Door de natte ramen van de tram had de buitenwereld iets surreëel. De neonreclames op de gevels werden door de regendruppels vervormd tot onleesbare kreten. Dit deel van de stad kende Gerrit erg goed. Zijn vader was hier opgegroeid en zijn opa en oma hadden er hun hele leven gewoond. De winkeltjes waren hetzelfde gebleven. Nog steeds zat er een schoenmaker en een groenteboer op het pleintje waar ze uit moesten stappen. Alleen waren de uitbaters nu allemaal van buitenlandse afkomst.
Bijna alle kroegen waren verdwenen en vervangen voor theehuizen. Alleen Café de Ridder had de culturele verschuiving in deze buurt overleefd. Hans en Gerrit stapten naar binnen en namen plaats aan de bar. Naarmate de wedstrijd dichterbij kwam werd het drukker en drukker. De kroeg werd voornamelijk bevolkt door supporters van de club uit dit deel van de stad. Zij hadden Café de Ridder als uitvalsbasis.
Beetje bij beetje druppelden ook fans binnen van Gerrit zijn club. Eerst wat oudere fans en daarna de jongere generatie. Nergens zag je aan hen voor welke club ze waren. Ze leken bijna allemaal wel hetzelfde uniform aan te hebben. Zwarte jassen en petjes. Of ze echt veel plezier aan het bezoeken van wedstrijden hadden waagde Gerrit te betwijfelen. Het was allemaal zo serieus.

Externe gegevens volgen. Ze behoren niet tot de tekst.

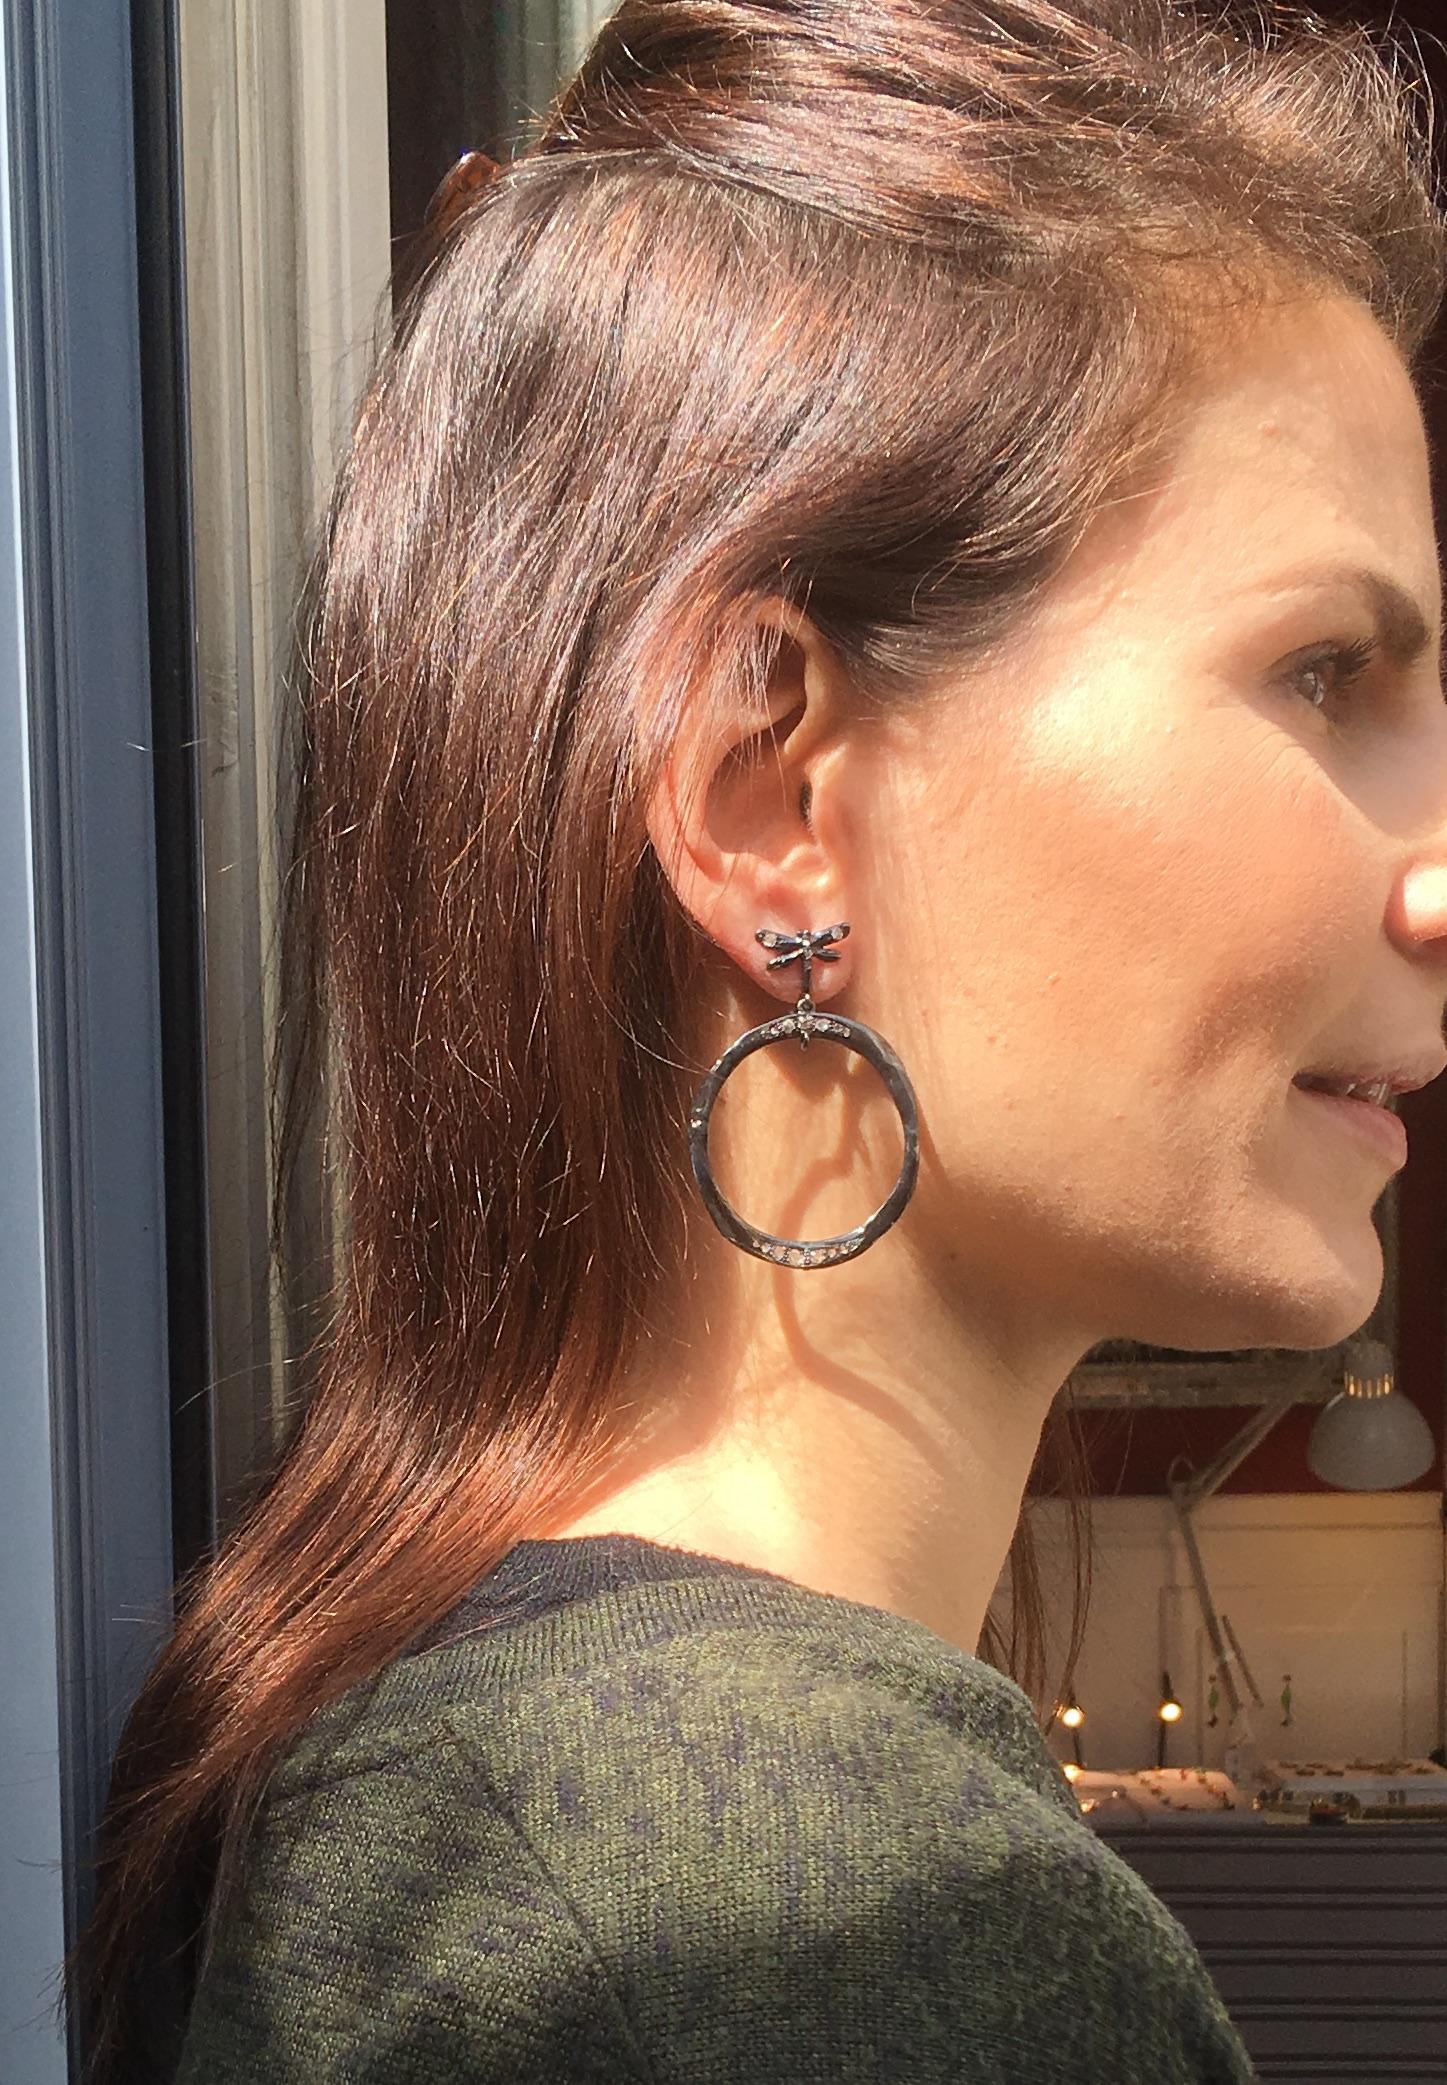 Introducing Rossella Ugolini's Elegant Circular Burnished Silver Earrings adorned with 0.70 Karat Antique Old Mine and Old Cut Diamonds, each featuring a delicate symbol of freedom—the dragonfly. Crafted to perfection, these One-of-a-kind hoop

Hoe anders was dat toen hij en Mien stad en land afreisden om hun club te zien spelen. Soms bleven ze bij een nicht van Mien slapen in het midden van het land als de trein hen niet meer op tijd thuis kon brengen. Haar nicht had een seizoenkaart voor de aartsrivaal maar van enige spanning was nooit sprake.

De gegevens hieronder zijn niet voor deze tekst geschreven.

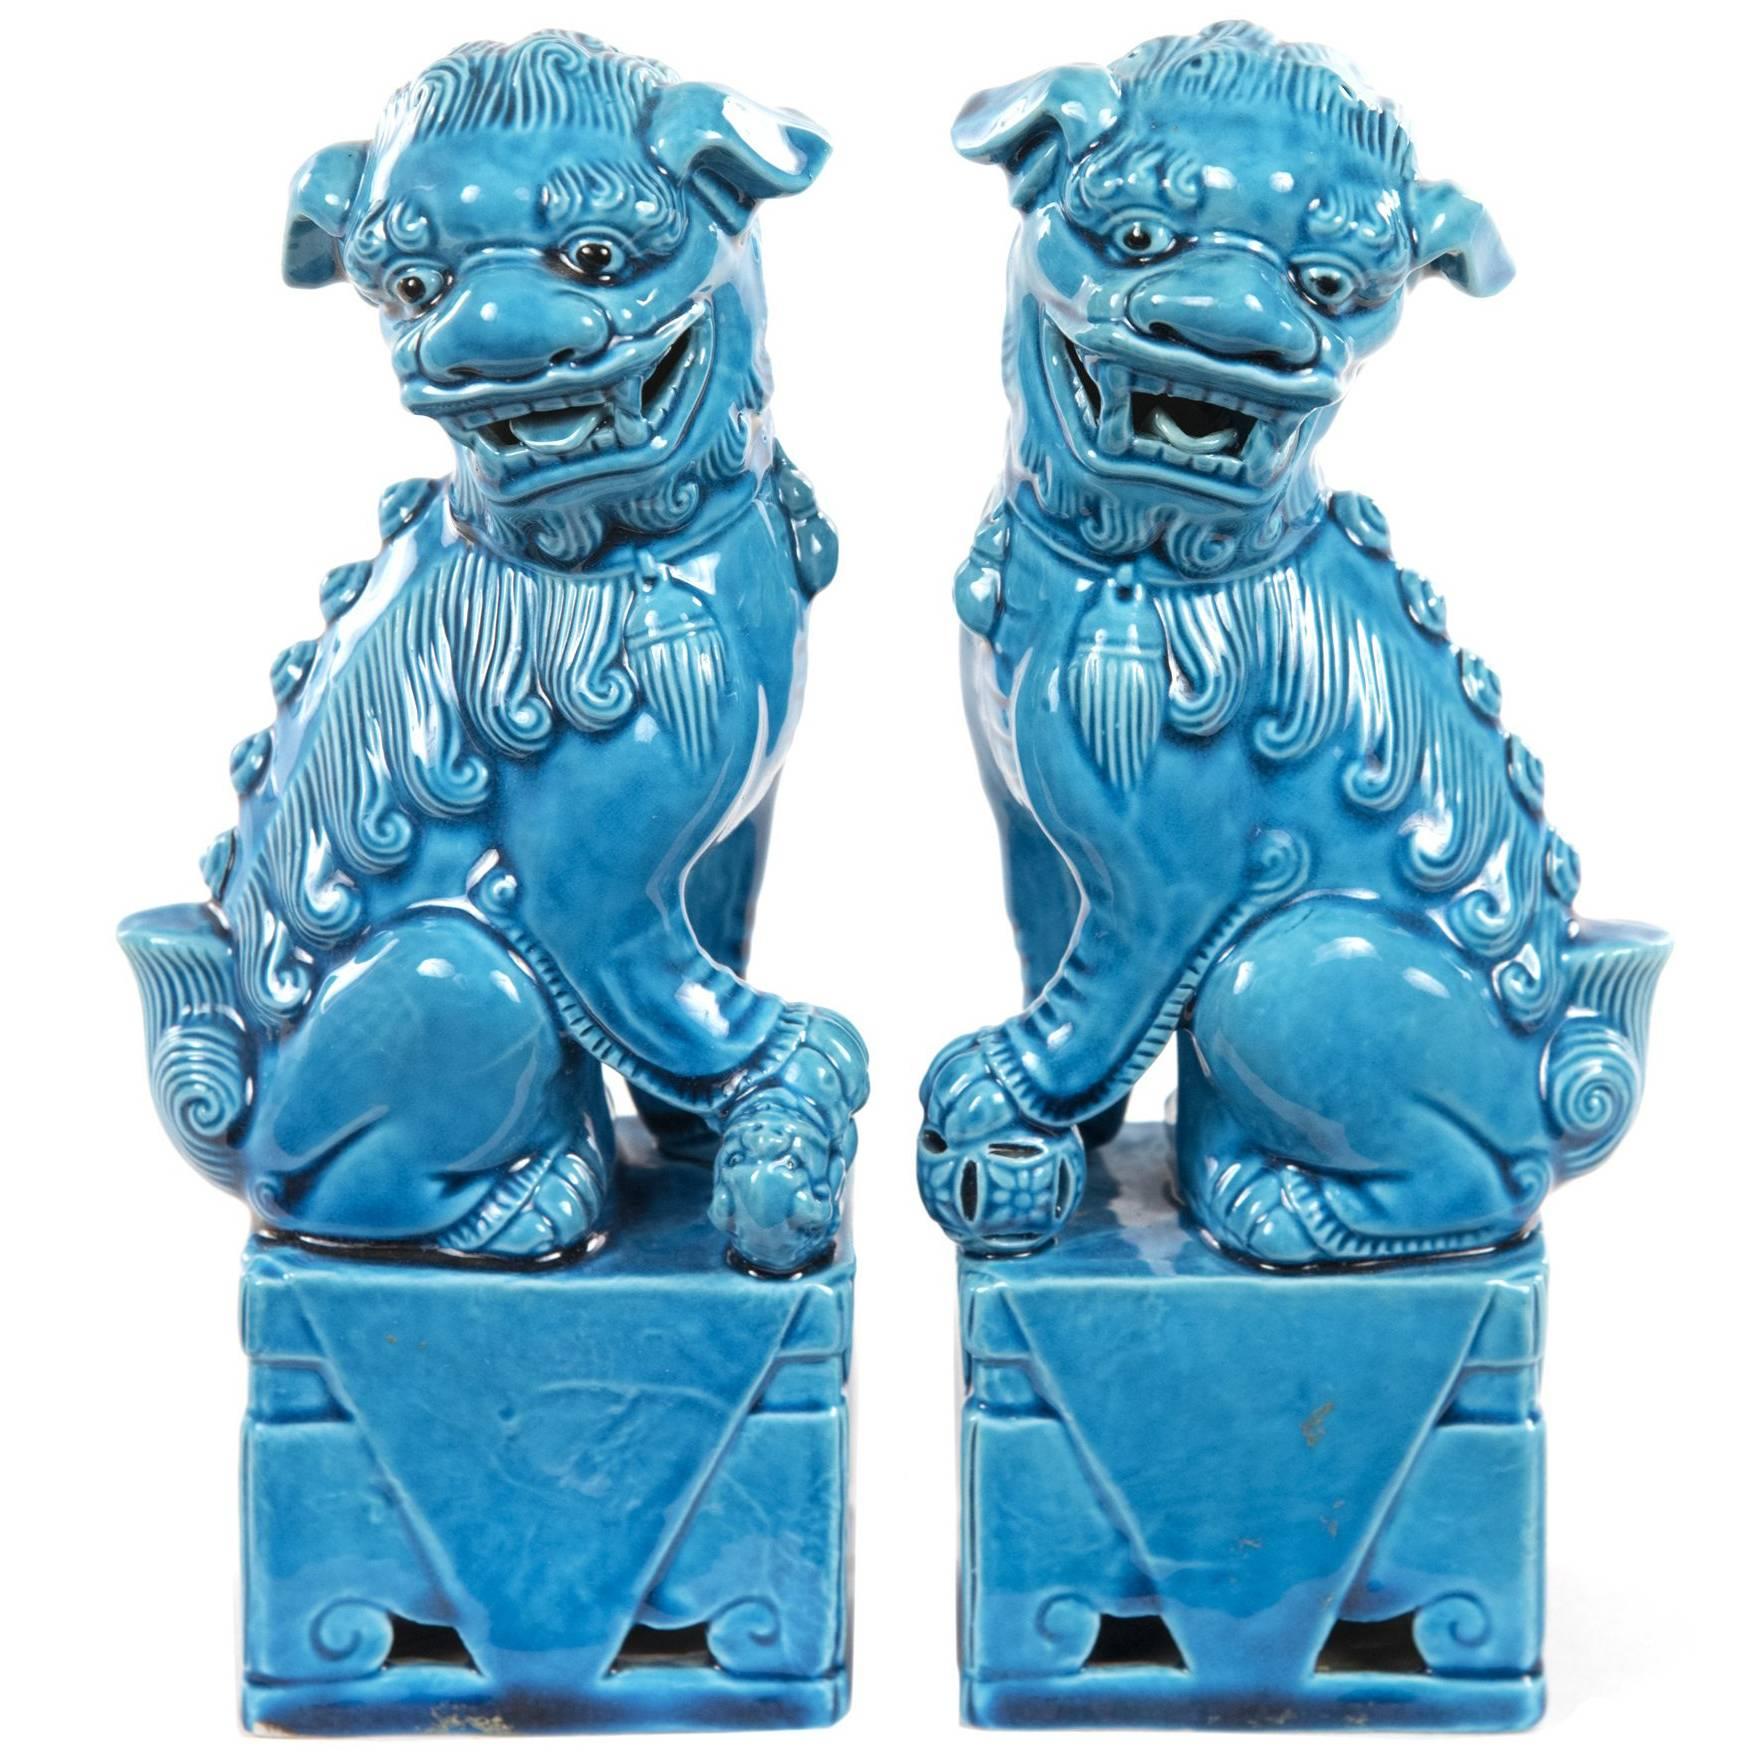 Pair of Turquoise-Glazed Porcelain Chinese Foo Dogs

‘Hé, wat moet dat ouwe?’ Gerrit deed de deur van het toilet snel dicht. Hij moest naar de wc en de deur was niet op slot. Op het toilet stonden twee van die jongens in zwarte jassen voorovergebogen bij de wastafel. Misschien dachten ze dat hij een seniele ouwe man was maar Gerrit wist voldoende. Hij wachtte buiten tot de jongens klaar waren.

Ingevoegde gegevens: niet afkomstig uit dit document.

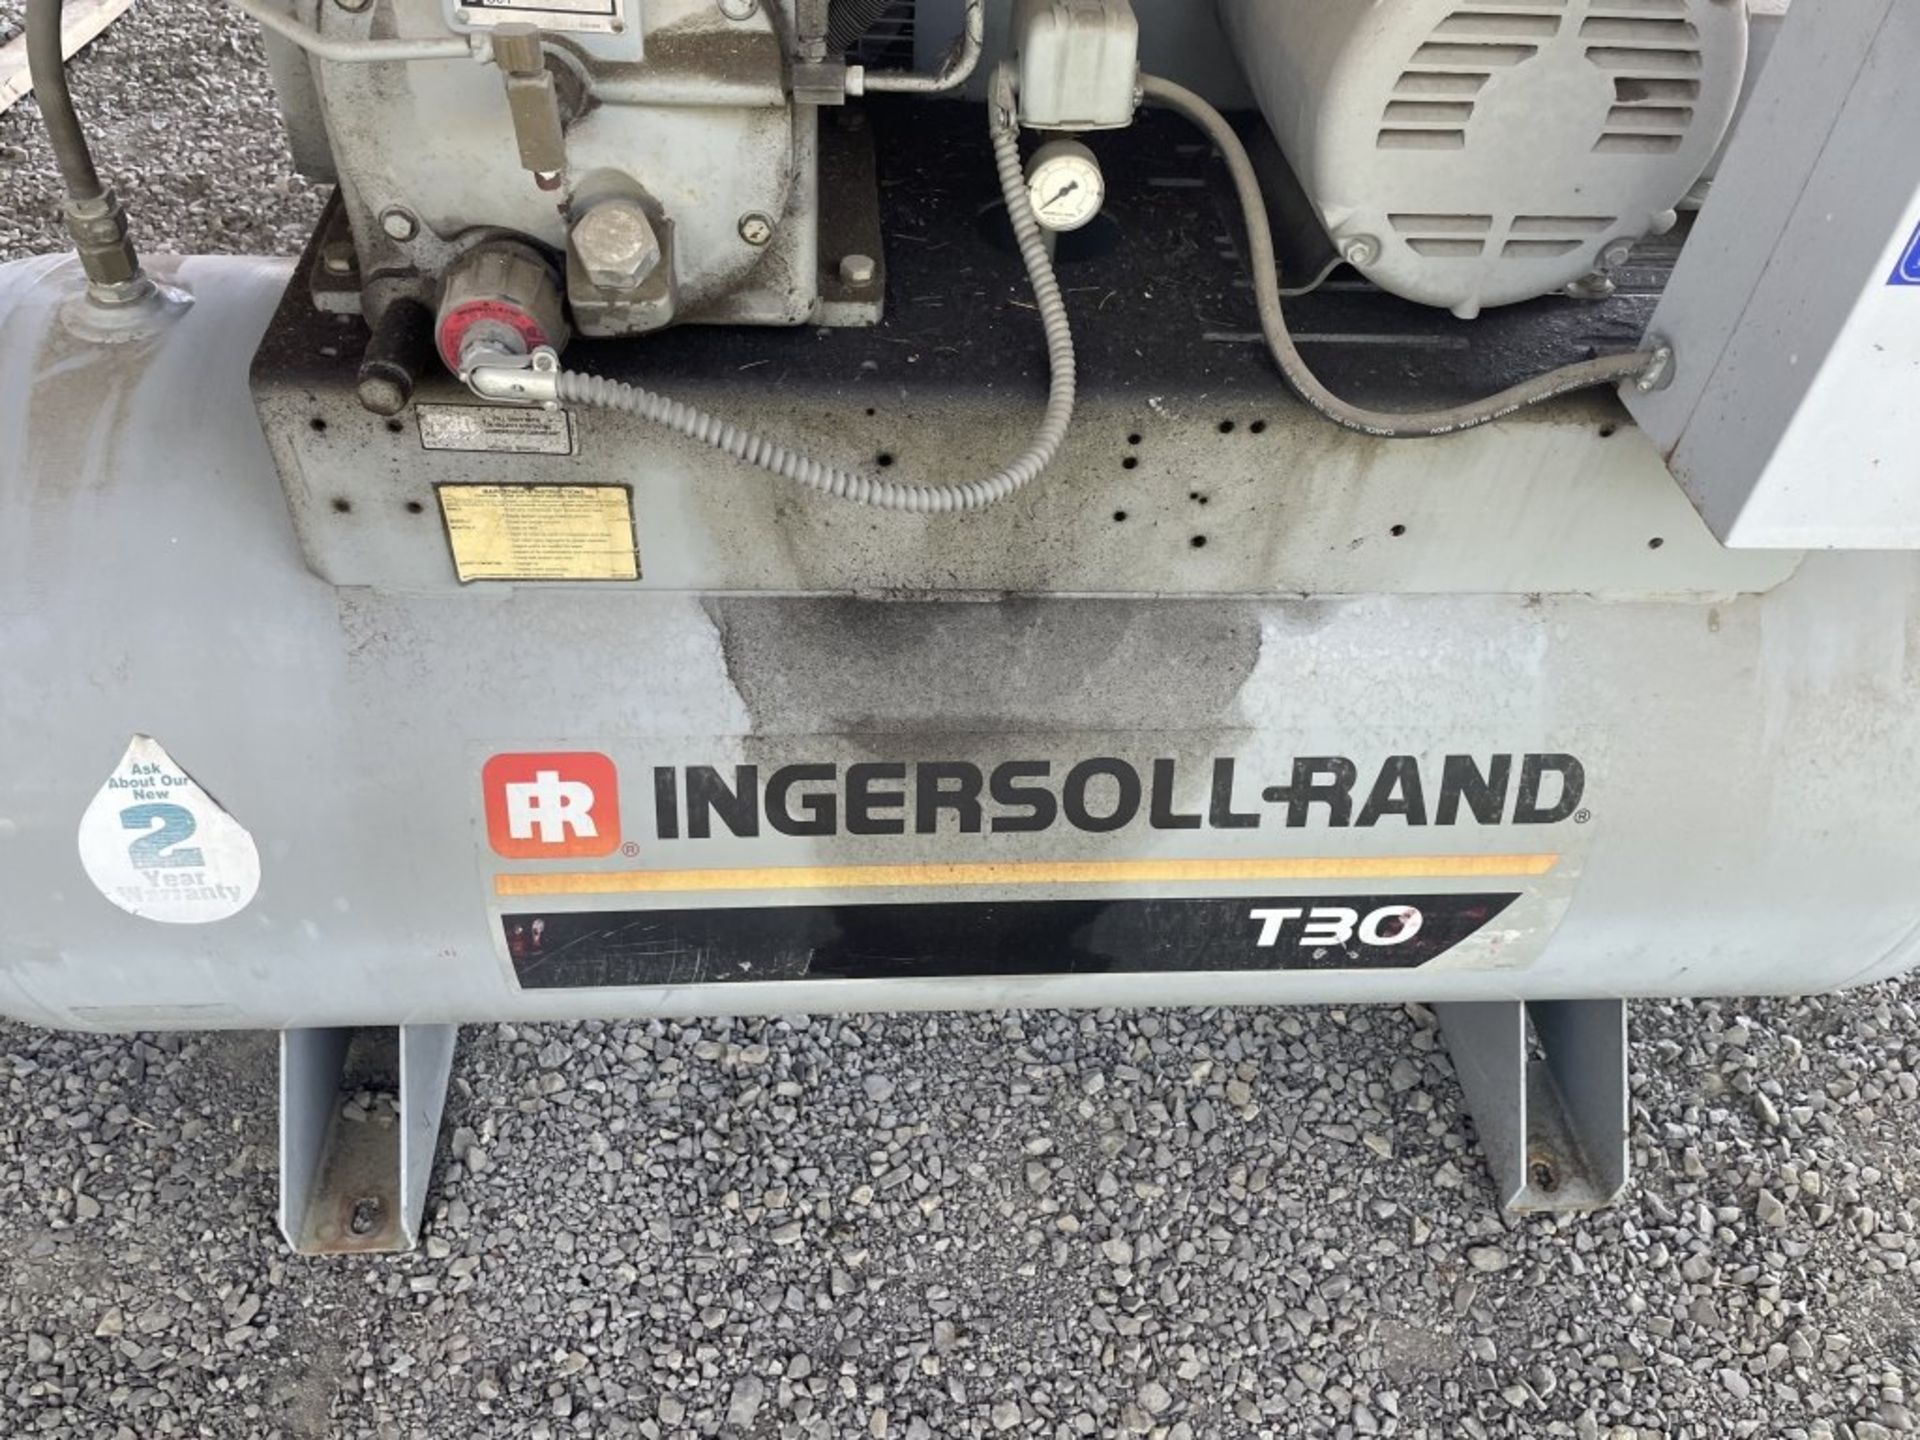 Ingersoll-Rand T30 Air Compressor - Image 7 of 8

Bij het naar buiten gaan keken de twee knapen nog steeds boos. Hij wist dat het zinloos was om over respect voor oudere generaties te beginnen. Hij had de opa van deze jongens kunnen zijn. Als het zijn kleinzoon was geweest had hij hem een draai om zijn oren verkocht. Nu deed hij net alsof ze lucht voor hem waren.
De brutaalste van het stel beet Gerrit toe dat zijn club zou gaan verliezen. Gerrit moest er bijna om lachen. De jongen dacht dat Gerrit voor de thuisclub was. Hij liet hem maar in de waan. Als Mien er nog bij was geweest dan had ze hem vast van repliek bediend. Dat Gerrit en zij al tientallen jaren naar het stadion gingen. En wat die snotneus nu wel niet zou denken.
Gerrit en Hans dronken hun glas leeg en gingen naar buiten. In een hoek van de kroeg zag hij de groep jongens met een tafel vol bier nog geen aanstalten maken om naar het stadion te gaan.
Op het veld was het krachtsverschil erg groot. Gerrit zijn club maakte korte metten met de ‘kleine broer’ uit het andere deel van de stad. En hoewel ze in een thuisvak zaten vierden Hans en Gerrit de goals uitbundig mee. Volgens Hans was het kampioenschap een kwestie van tijd. Gerrit dacht er, ondanks de voorsprong op de ranglijst, iets minder rooskleurig over. Pas als ze met de schaal op het bordes van het stadhuis stonden, pas dán geloofde hij het.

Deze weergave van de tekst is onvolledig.